Pour passer à autre chose les enseignants disent combien il est important de discuter en équipe, mais aussi qu’il y ait une réparation de la part de l’élève. L’enseignante 1 affirme qu’il est important de ne pas prendre les choses sur soi pour passer à autre chose.

Dans le tableau suivant, nous allons recenser les émotions et sentiments suscités chez chacun des enseignants à court, moyen et long terme. Ainsi, nous pourrons rendre explicite le cheminement par lequel les enseignants parviennent ou non à se défaire émotionnellement des violences vécues.

Tableau n° 9 : Emotions suscitées à court, moyen et long terme chez les enseignants spécialisés Emotions suscitées par les

situations de violence Court terme Moyen terme Long terme

Colère X X X X X X

Peur X X X X X X

Mal-être X X X

Désemparé

Empathie X X

Inquiétude X X

Stress X X X

Calme X X

Culpabilité X X X X

Incompréhension X

Peine X X

Déception X

Tristesse X X

Injustice X

Blessé X

Impuissance X X X

Humiliation X

Légende : chaque croix [X] fait référence à une occurrence de l’émotion. Les couleurs permettent de distinguer les différents enseignants.

Ce qui ressort assez clairement de nos données, c’est que les enseignants ont tendance à ressentir davantage d’émotions à court terme, c’est-à-dire dans l’immédiat. Puis, on remarque que sur le moyen et le long terme, les émotions ressenties et évoquées par les enseignants tendent à disparaître.
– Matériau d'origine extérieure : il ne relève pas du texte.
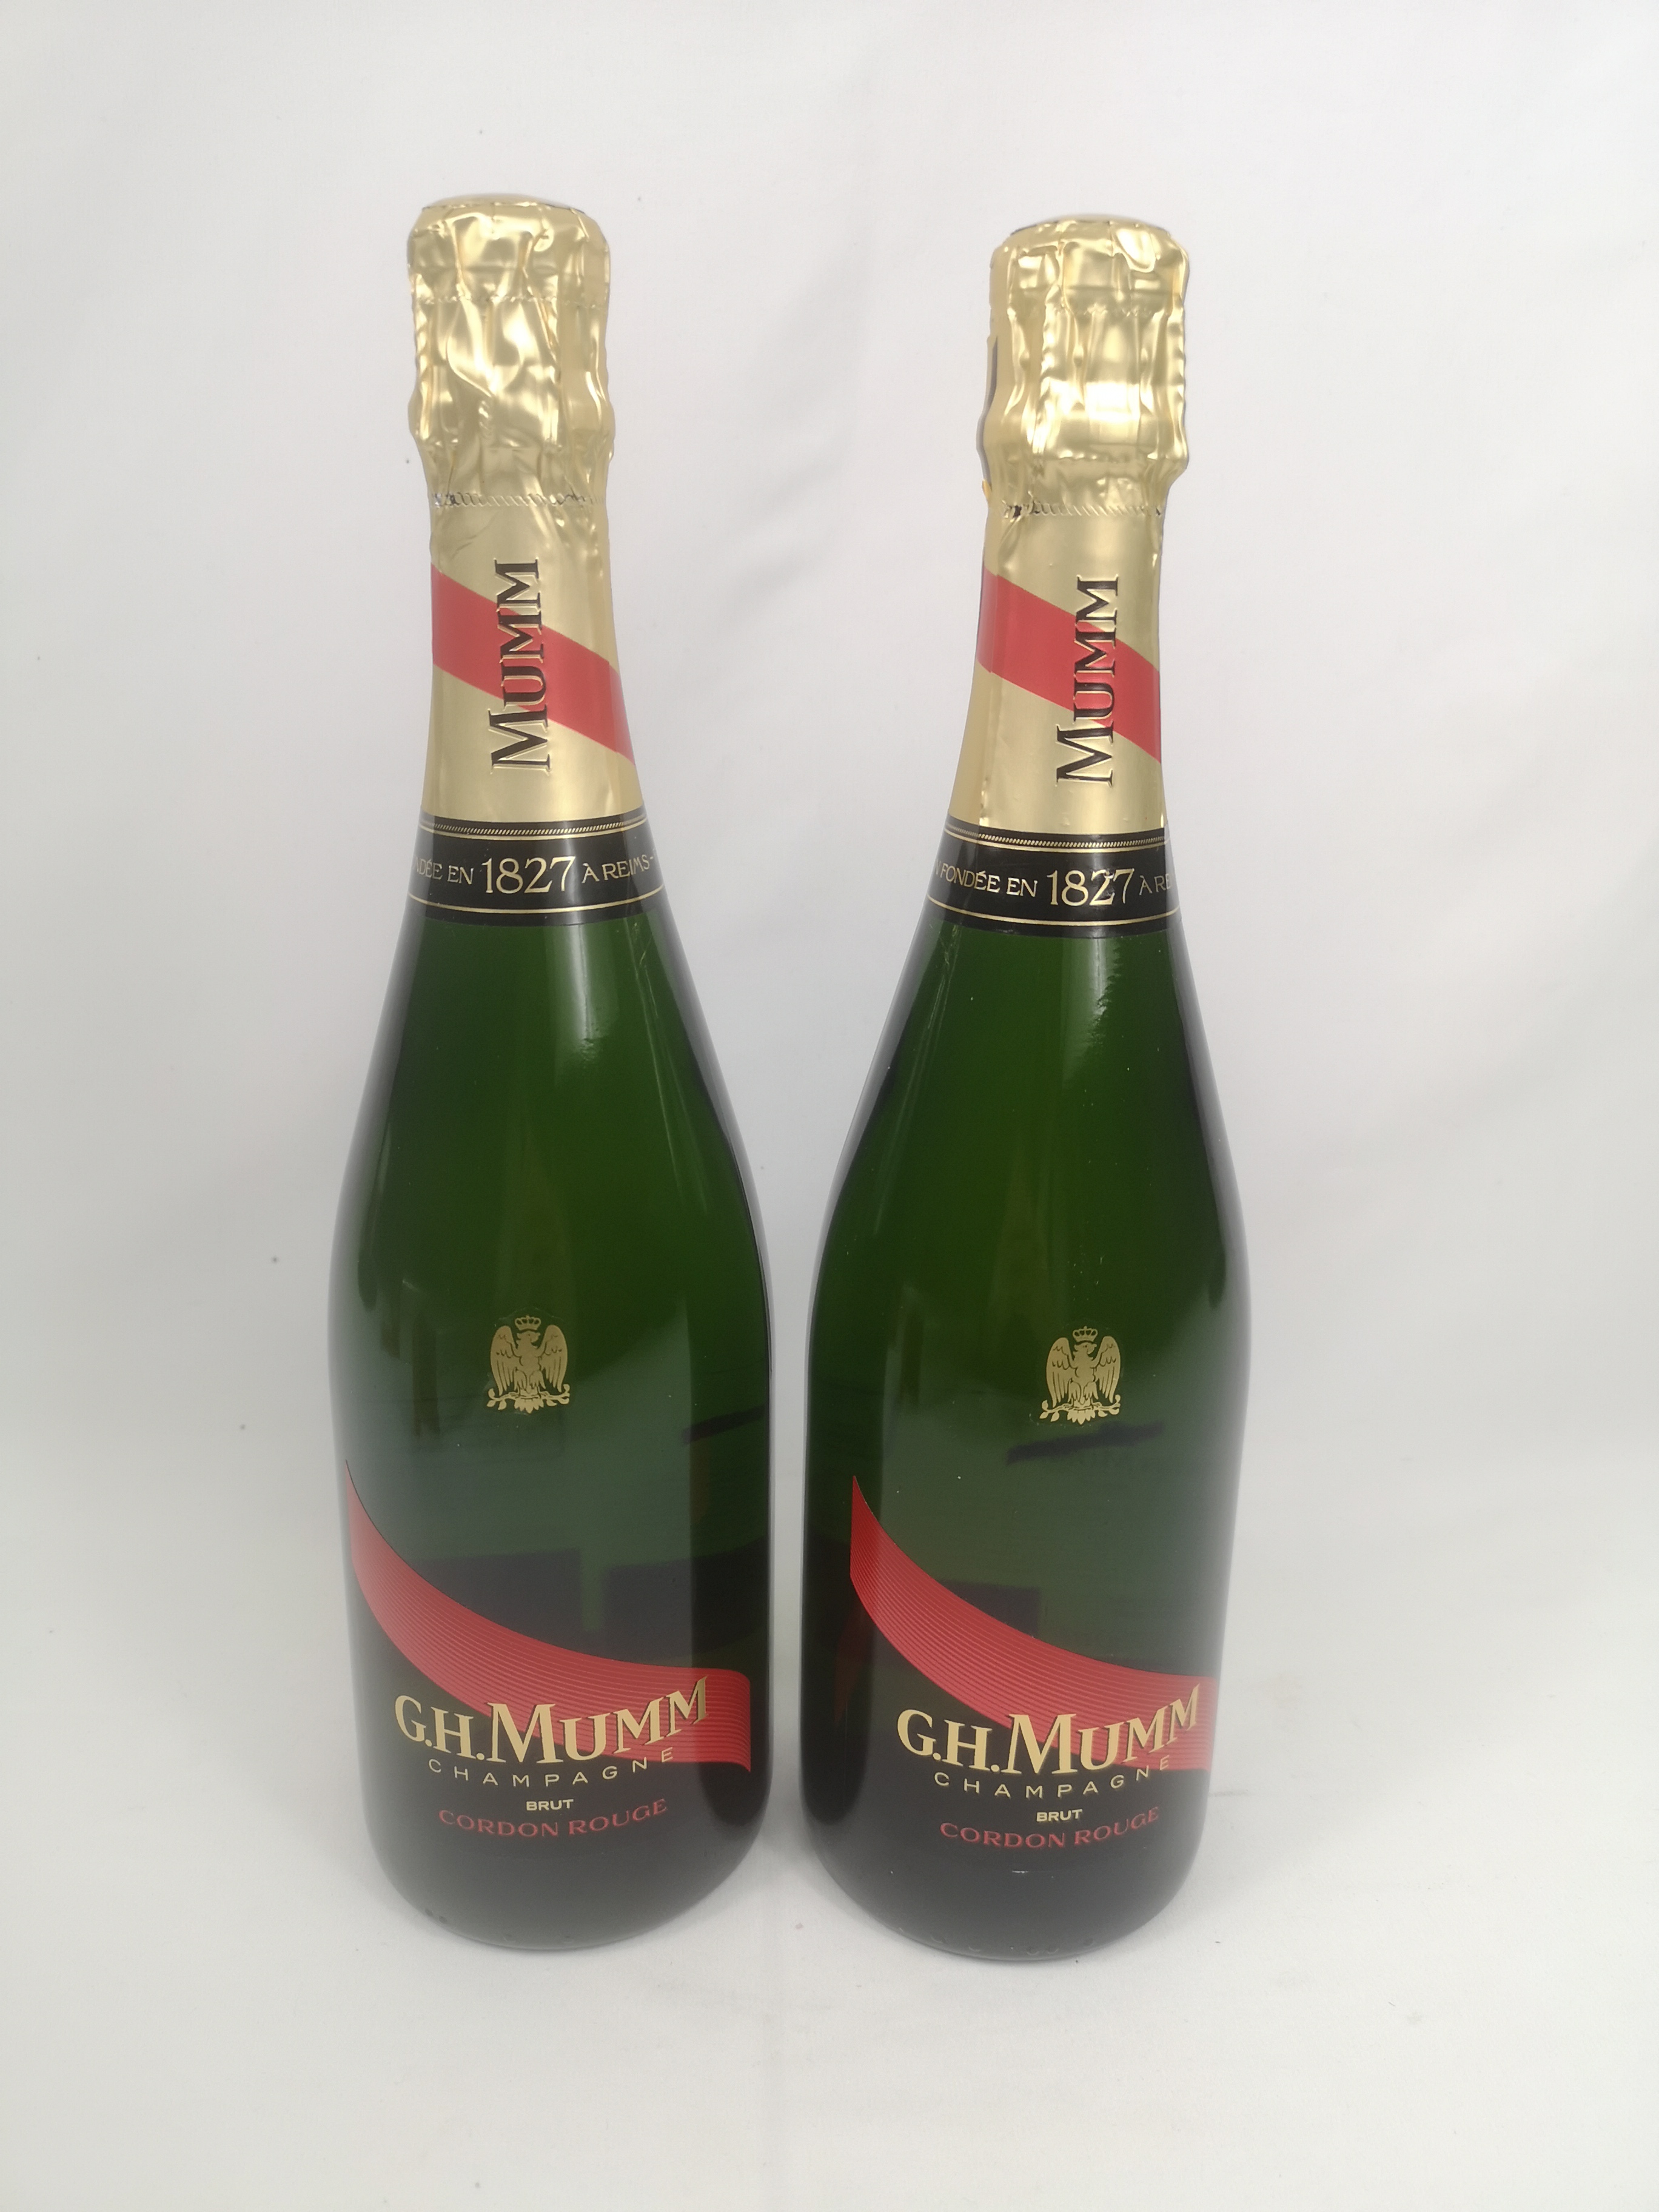 Two 75cl bottles of G.H. Mumm Brut Cordon Rouge champagne in boxes.

Cela témoigne du fait que les enseignants opèrent un travail personnel ou en équipe leur permettant de passer à autre chose. Nous pouvons déjà dire que certains enseignants s’appuient sur l’équipe pour faciliter ce cheminement de la tension, vers le calme, c’est ce qu’évoque l’enseignant 5 lorsqu’il affirme :

Après, il y a ces temps qui sont importants de retour à l'équipe, ces moments de briefing, débriefing dans la journée. Le matin et en fin de journée. Ça, c'est des moments importants parce que… de pouvoir déposer là où il y a eu vraiment des choses qui étaient quand même lourdes.

(ENS.5)

Nous supposons également que les professionnels opèrent un travail d’autorégulation de leurs émotions pour parvenir progressivement à prendre de la distance avec certaines émotions qui les mettent dans un état d’indisponibilité psychique.

Néanmoins nous ne disposons pas de données nous permettant de dire quel travail est effectué personnellement dans l’esprit des enseignants.

Nous constatons également au niveau du type d’émotion que ce sont surtout la peur, la colère, le stress et le sentiment d’impuissance qui sont suscités dans un premier temps et qu’ensuite il s’agit plus d’émotions montrant qu’un travail de réflexion s’opère et que certains enseignants ont tendance à ressasser les évènements. Ces derniers vont par exemple entrer dans une forme de culpabilisation et d’incompréhension. En effet, certains enseignants vont continuer à revenir sur ces incidents et les questionner.